Answer
$8.33\times 10^{103}$ $years$
Work Step by Step
The number of protons striking the potential energy barrier per second is
$n=\frac{I}{q}$ ........................$(1)$,
where $q$ is the charge of proton.
Substituting the given value $I=1000$ $A$ in eq. $(1)$, we get
$n=\frac{1000}{1.6\times 10^{-19}}$ $s^{-1}$
or, $n=6.25\times 10^{21}$ $s^{-1}$
Let, $N_{I}$ number of protons strikes the potential barrier in time $t$.
Thus, $N_{I}=nt$ ........................$(2)$
If $T$ be the transmission coefficient, then the number of protons transmitted is given by
$N_{T}=TN_{I}$
Substituting eq. $(2)$, we get
$N_{T}=Tnt$ ........................$(3)$
If we consider that $t_{1}$ is the waiting time for which the one proton will be transmitted.
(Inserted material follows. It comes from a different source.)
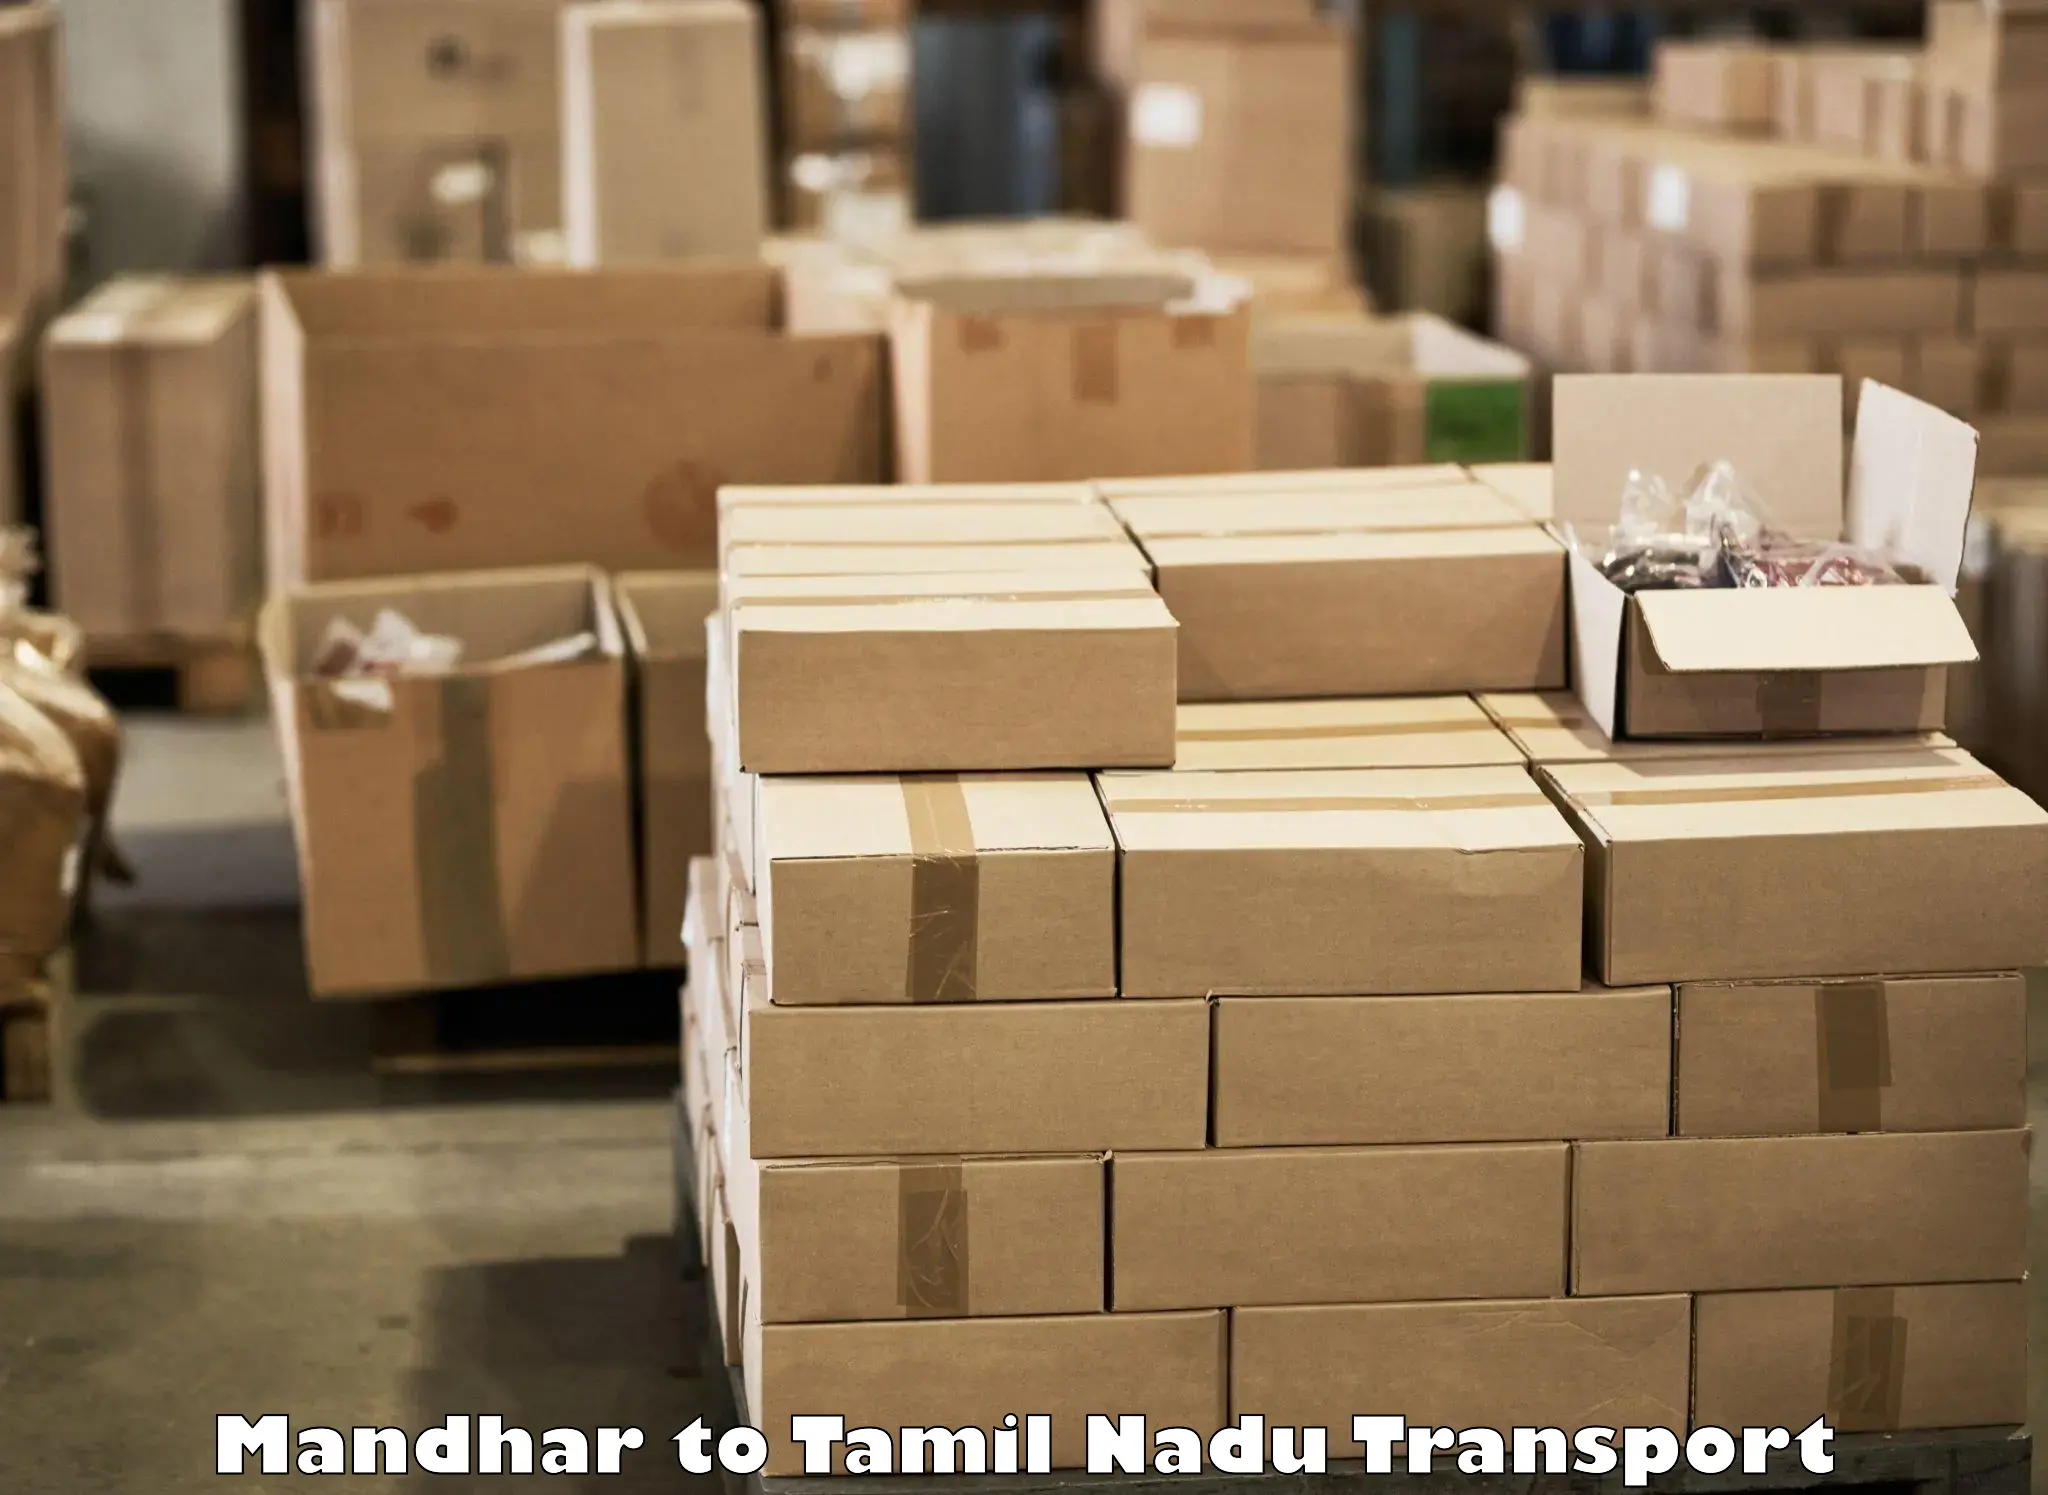 Online transport Mandhar to Nandambakkam

Now eq. $(3)$ becomes
$1=Tnt_{1}$
or, $t_{1}=\frac{1}{nT}$ ........................$(4)$
Now, the probability that a proton of mass $m$ and energy $E$ will tunnel through a barrier of height $U_{b}$ and thickness $L$ is
given by the transmission coefficient $T$
$T\approx e^{-2bL}$, ..............................$(5)$
where $b=\sqrt {\frac{8\pi^2m(U_{b}-E)}{h^2}}$ ..............................$(6)$
Given, $E=5.0$ $eV$, $U_{b}=6.0$ $eV$$L=0.70$ $nm$ $=7\times 10^{-10}$ $m$
Substituting the above values in equation $6$, we get
$b=\sqrt {\frac{8\times\pi^2\times 1.67\times 10^{-27}\times(6-5)\times1.6\times 10^{-19}}{(6.63\times 10^{-34})^2}}$
or, $b\approx 2.191\times 10^{11}$ $m^{-1}$
The (dimensionless) quantity $2bL$ is then
$2bL=2\times (2.191\times 10^{11})\times (7\times 10^{-10})\approx 306.74$
and, from the equation $1$, the transmission coefficient is
$T\approx e^{-2bL}= e^{-306.74}=6.0885\times 10^{-134}$
Thus, from eq. $(4)$, we get
$t_{1}=\frac{1}{6.25\times 10^{21}\times6.0885\times 10^{-134}}$ $s$
or,$t_{1}=2.628\times 10^{111}$ $s$
or, $t_{1}=8.33\times 10^{103}$ $years$
Therefore, we have to wait $8.33\times 10^{103}$ $years$ for one proton to be transmitted.